Candlelight vigil honors student’s ‘vivacious’ spirit

Louisville sophomore Melanie Reichert passed away Sunday, November 24, 2013. Reicherts WKU friends and classmates gathered for a candle light vigil in which they took turns sharing stories and fond memories of Melanie. Vinnie Tallarico, Reicherts high school boyfriend, shares the ways in which Melanie touched his life. “She really shaped who I am, I would be a completely different person without her,” Tallarico says, “She taught me to believe in myself and other people. She was something else and I was lucky to know her.” 

Anna Lawson

Three weeks after Melanie Reichert’s death, students are continuing to celebrate the life of a classmate, friend and inspiration.

On Tuesday, an intimate group of students gathered together in the brisk December evening in front of the Fine Arts Center for a candlelight vigil in Reichert’s honor. The group began the commemoration by sharing memories and thoughts of Reichert, starting off with Lexington sophomore Devan Hall, one of Reichert’s close friends.

“We sat together in class and got along really great from the start,” Hall said to the group. “I wish I had more time with her. We don’t realize how little time we have with one another until it is gone.”

The circle of about 20 friends continued sharing stories full of light and happiness. They all had one underlying message — that Reichert would be missed.

Among the group was Lexington senior Kerr Beebe, Reichert’s boyfriend.

“I was so blessed to be able to spend the small amount of time I did with her,” he said. “She touched each and every one of our lives.”

Also present at the vigil was Reichert’s roommate, Louisville sophomore Sarah Miller. Miller has known Reichert since they were in fifth grade.

“She was vivacious. She loved to take advantage of every opportunity, and she always got involved in whatever she could,” she said.

The vigil was a time for all of Reichert’s closest friends to surround themselves with people who were also touched and inspired by the life Reichert led.

“It was nice to see everyone come out for this,” Miller said. “I really enjoyed being able to share my own memories with her, as well as hear everyone else’s.”

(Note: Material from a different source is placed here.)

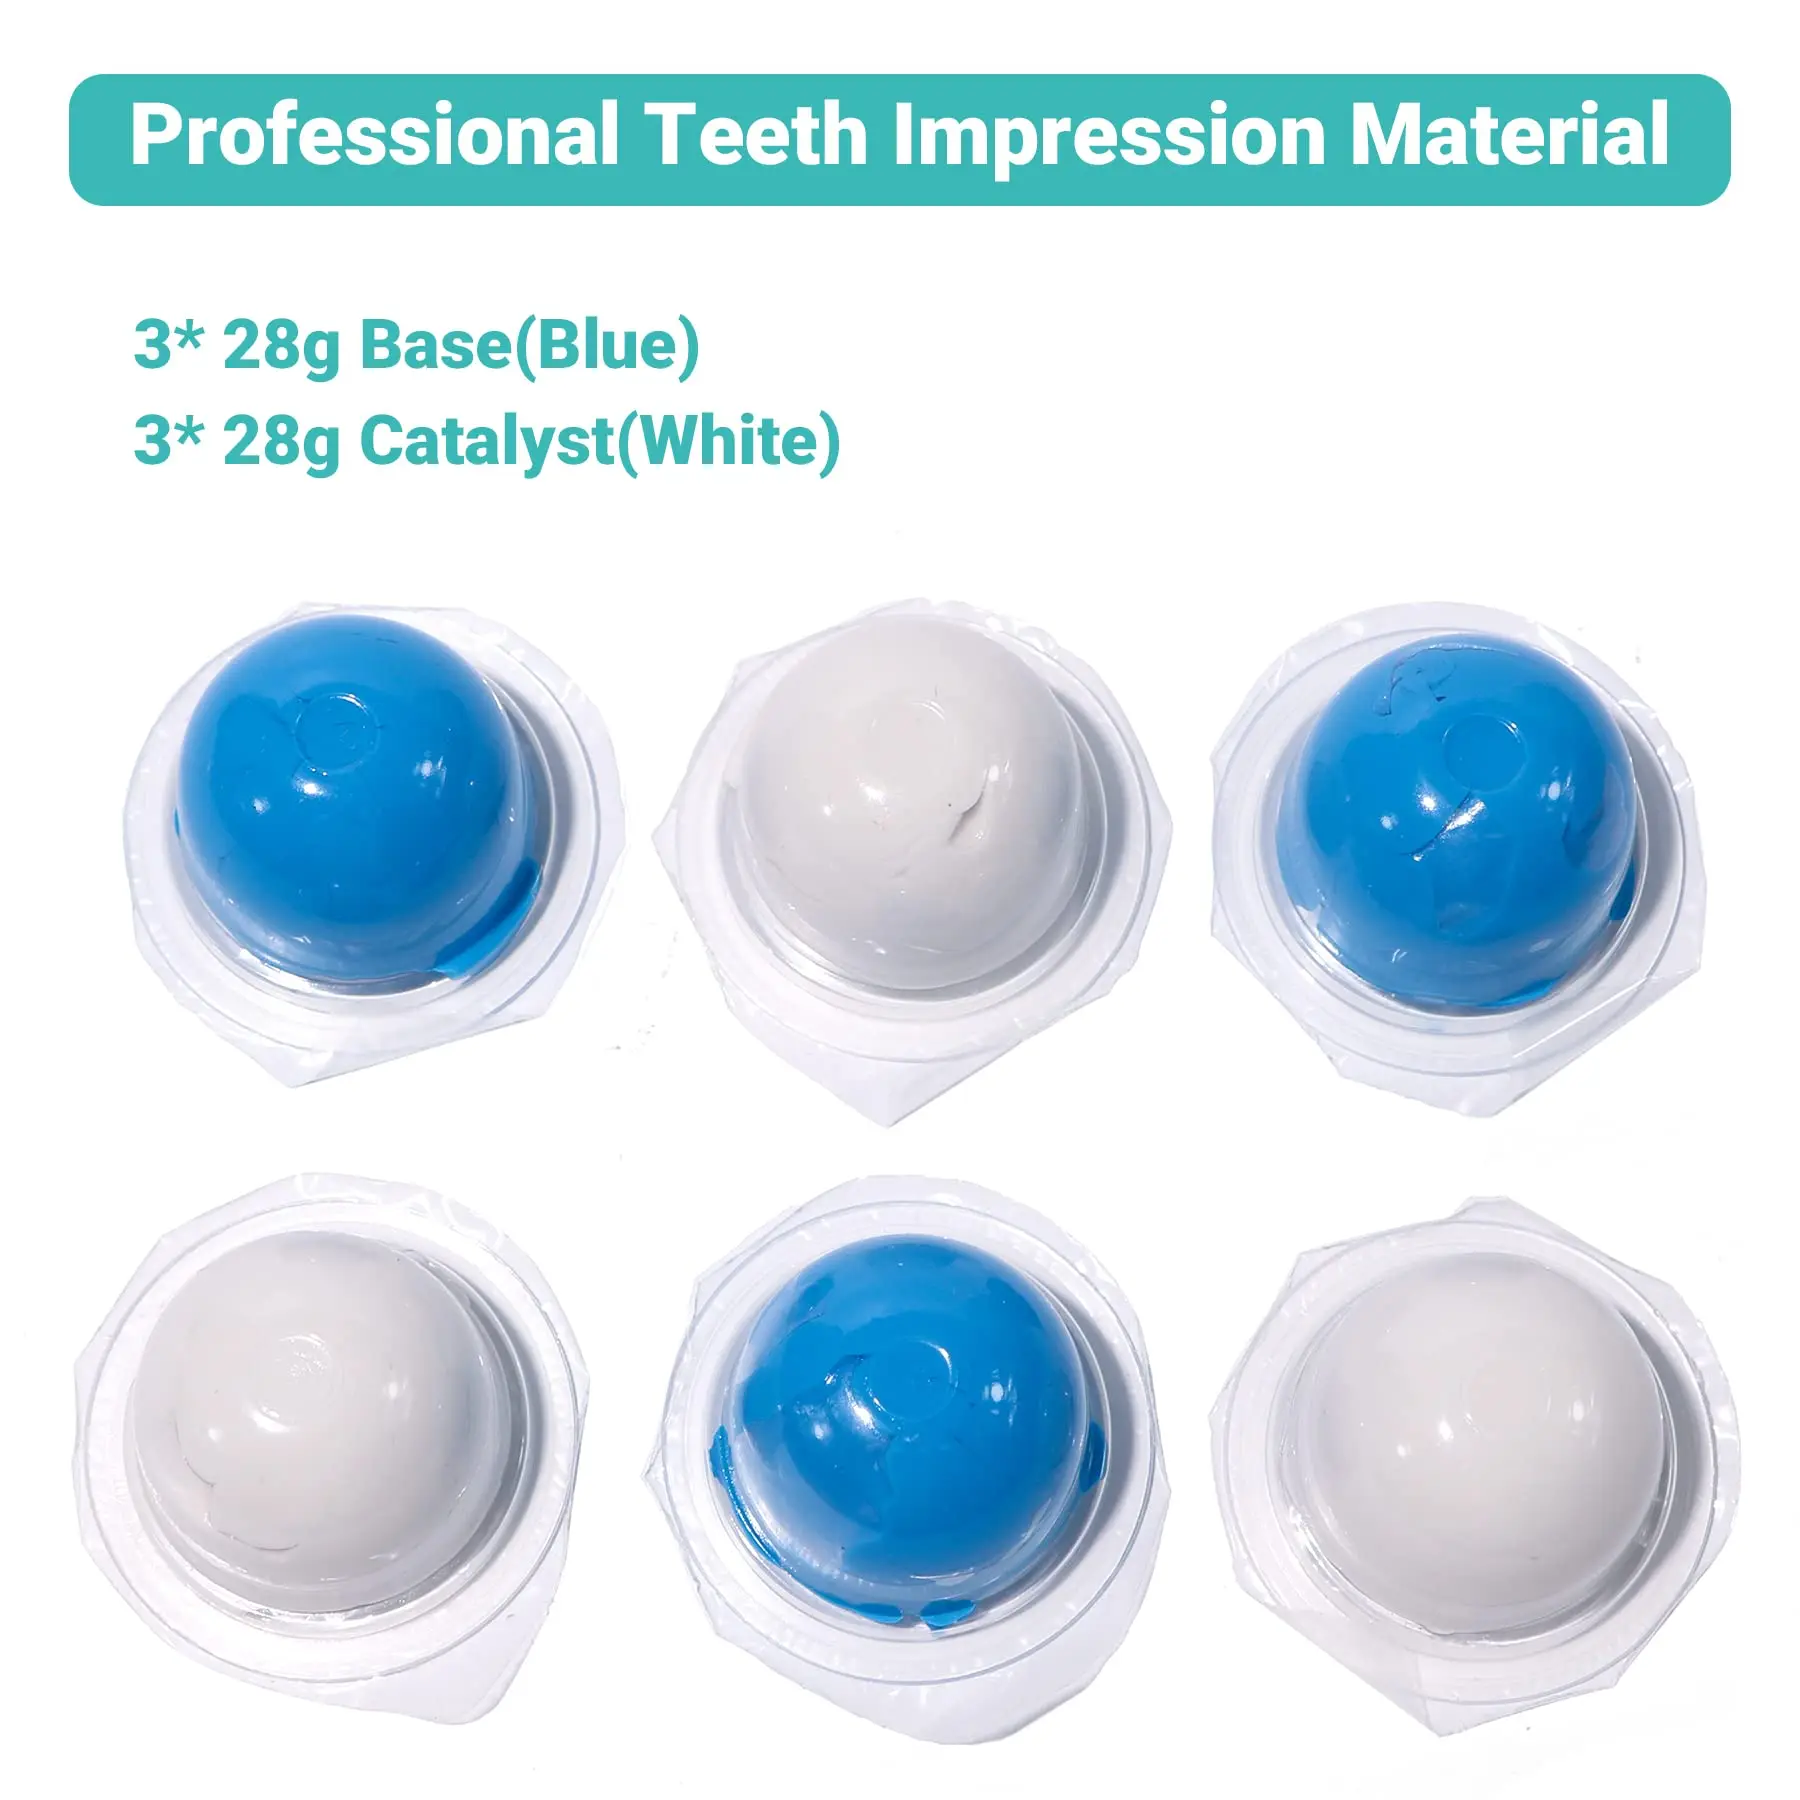 Dental Impression Material Putty Silicone Customize Mouth Tray Mold Kit  Dentistry Teeth Whitening Bleach Tools Oral Health Care - AliExpress
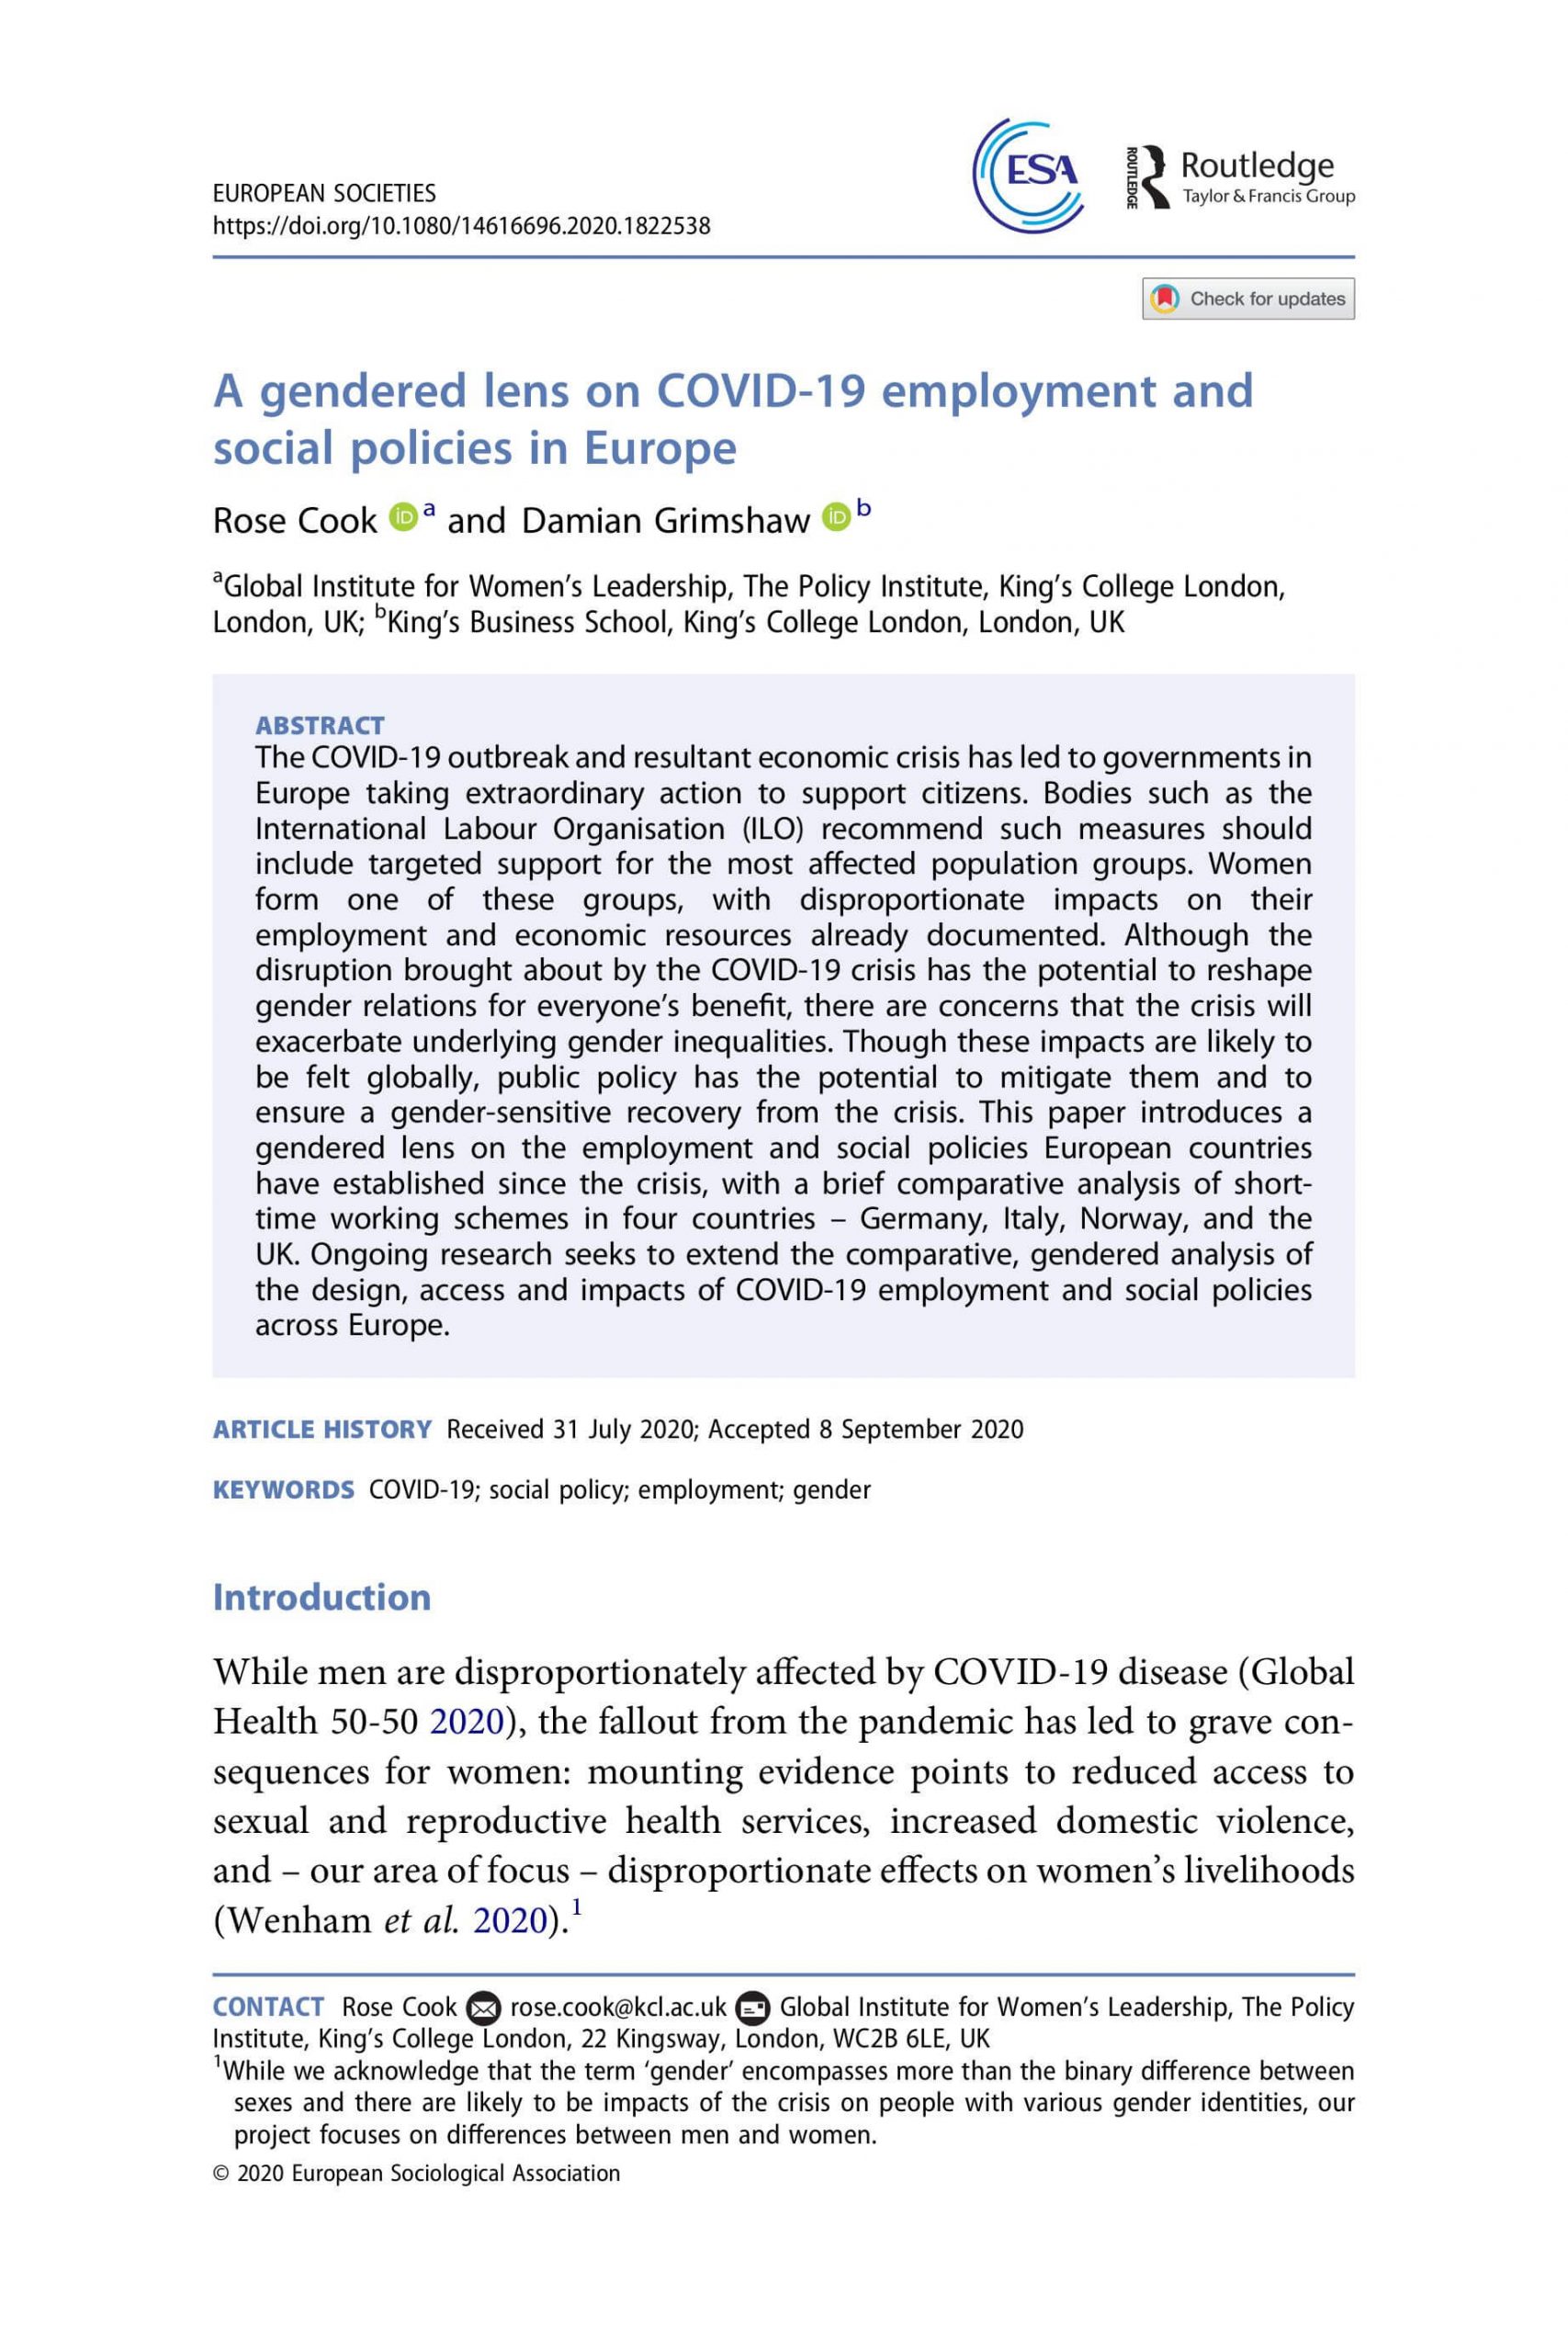 A gendered lens on COVID-19 employment and social policies in Europe

Even people who didn’t know Reichert as a close friend attested to the fact that she had a kind soul and warm personality.

Nashville freshman Corinna Golding, who lived on the same floor as Reichert in Minton Hall, came to remember her fellow resident.

“Everyone on the floor felt that she was a great addition to the group,” Golding said. “She brought a lot of positive energy that will definitely be missed.”

Once everyone had shared their thoughts, Hall wrapped up the vigil with a few words, followed by everyone blowing out their candles. However, even as the candle lights dimmed, spirits remained high as laughter and hope were heard throughout the group.

The students stayed and continued to share more stories from Reichert’s life. New acquaintances exchanged phone numbers and promises to keep in touch, and words of support and encouragement were heard throughout the group.

“I know she will be remembered for her free spirit,” Miller said. “She had an open mind, an open heart and love for everyone.”